October 1st, 2014

Why Does Wealth Not Survive More Than 3 Generations? A Story About a Story

By Ron Nakamoto

Post By Glen Snyder, Empowered Wealth, Certified Facilitator

As a new Empowered Wealth Certified Facilitator, I’ve been challenged to learn and convey ideas that it’s taken Lee Brower 40 years to develop. It’s proven to be no small challenge. It’s one thing to understand what Lee’s saying about True Wealth, Gratitude, Family Leadership, etc. at an intellectual or “thinking” level but it’s a much greater task to integrate his thoughts and concepts into general awareness and my everyday way of looking at the world.

I remember the first few times I stood in front of a small group and told the story of “The Woman on the Airplane” (what Lee originally called “The Napkin Presentation”). As a pastor for over 30 years, I’ve gotten comfortable standing in front of audiences and conveying

messages. That’s what I do. But telling Lee’s story was a little bit different because initially I didn’t quite appreciate the simple but profound truths embedded in the story. Let me quickly retell a simplified version of the story to demonstrate what I mean.

Lee had been an estate planner for many years when he came across a statistic that over 90 percent of family wealth is dissipated after 3 generations – “Shirtsleeves to shirtsleeves in 3 generations” as the saying goes. This caused him to experience an existential crises: why was he doing what he was doing if, despite his best efforts and those of the very best professionals in the field, nearly all family wealth is gone after 3 generations? What was the point? Just to make money doing something that seemed pointless?

Then he had an epiphany, which he tested during a conversation with a woman on a flight to Atlanta. In answer to the question, “What do you value more than money?”, he diagrammed on a napkin and explained what would become the Brower Quadrant; that is, the four categories of assets – core, experience, financial, and contribution – that comprise “True Wealth”. Like many people, I initially focused on these four categories of wealth and the expanded concept of True Wealth as the most important takeaway from the story. And that’s the way I presented the story, focusing on the message that there are actually four categories of wealth, not just one.

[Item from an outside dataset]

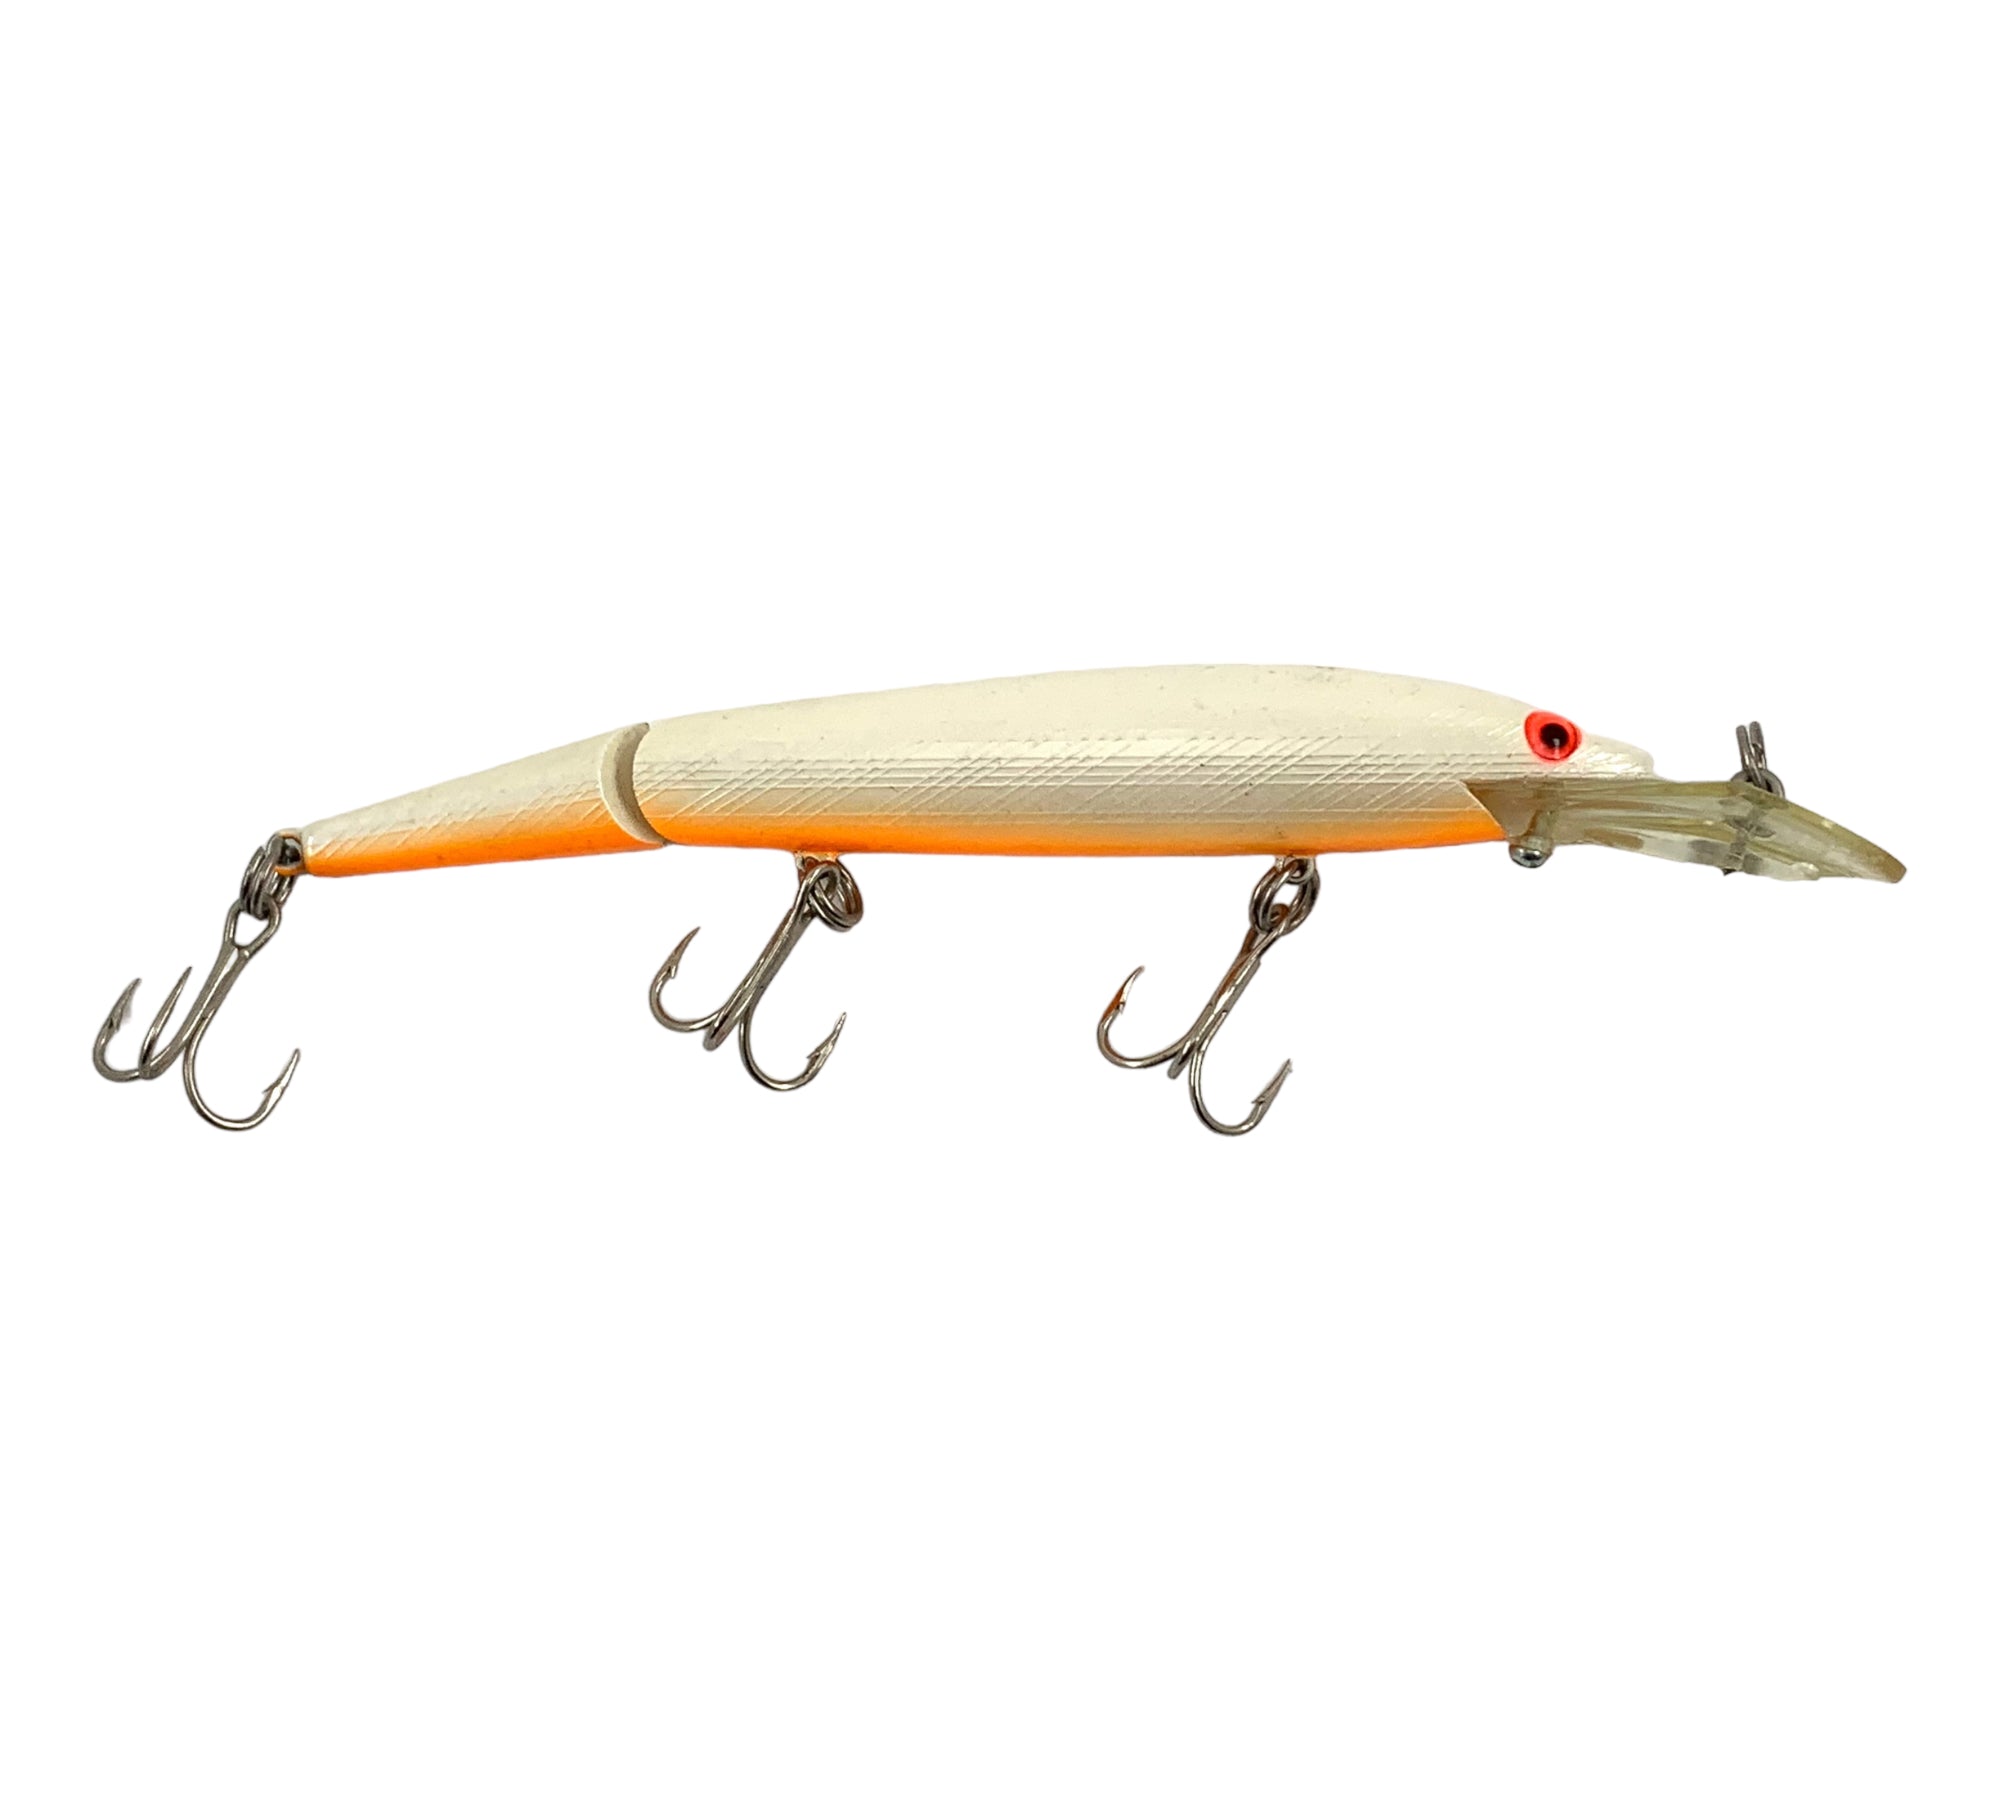 Rebel Lures Jointed Minnow Crankbait Fishing Lure, 1 7/8 In, 3/32 Oz, Rainbow Trout

At the very first Ambassador Certification, as I sat on the observers’ side of the table evaluating our aspiring Ambassadors’ presentations, it suddenly became clear to me that I had not fully comprehended a deeper message in this story. Lee had asked the woman which of these categories of assets would you like to see passed on to your children. She had responded “All of them.” She went on to explain the value of each of the categories of assets and why she thought they would benefit her children. Then Lee asked her an important series of questions. He began with, “If you could only pass along three of these categories of assets, which one would you leave behind?” The woman’s response was that she would forgo the “financial”. Then Lee asked her the defining question of the entire story, “Why?”

You’ll recall that Lee’s existential crisis was caused by the observation that family wealth dissipates over 3 generation. He had felt frustrated, overwhelmed by the apparent futility of his efforts as a financial advisor to help families build and sustain wealth. He didn’t understand why “Shirtsleeves to shirtsleeves in 3 generations” occurs or what to do about it.

The woman answered Lee’s question: “If my children are rich here (pointing to the “contribution” quadrant on the napkin diagram), AND here (pointing to “experience”), AND here (pointing to “core”), then this (pointing to “financial”) will take care of itself. BUT, if my children are bankrupt here (pointing to “contribution”) OR here (pointing to “experience”) OR here (pointing to “core”) then this (pointing to “financial”) will eventually go away.”

I hadn’t fully grasped that sustaining financial wealth beyond 3 generations was not a matter of pursuing financial and tax tactics and strategies. Rather it ensues (i.e., it “will take care of itself”) as a result of strengthening and optimizing “core”, “experience”, and “contribution” assets. And the reason that financial wealth does not survive beyond 3 generations is because family members become “bankrupt” in “contribution” OR “experience” OR “core” assets. I realized that embracing this philosophy, this mindset is what this story is really about and why it became the catalyst for Empowered Wealth’s mission.



One Response to “Why Does Wealth Not Survive More Than 3 Generations? A Story About a Story”

  1. Addie K Martin

    Great post, Glen. The contribution, core, and experience assets are often overlooked by modern day society, but like Lee and the woman on the airplane (and you!), I believe that they’re necessary for living a rich and fulfilling life. When those three are aligned, the fourth will work out.

    I look forward to reading more of your thoughts!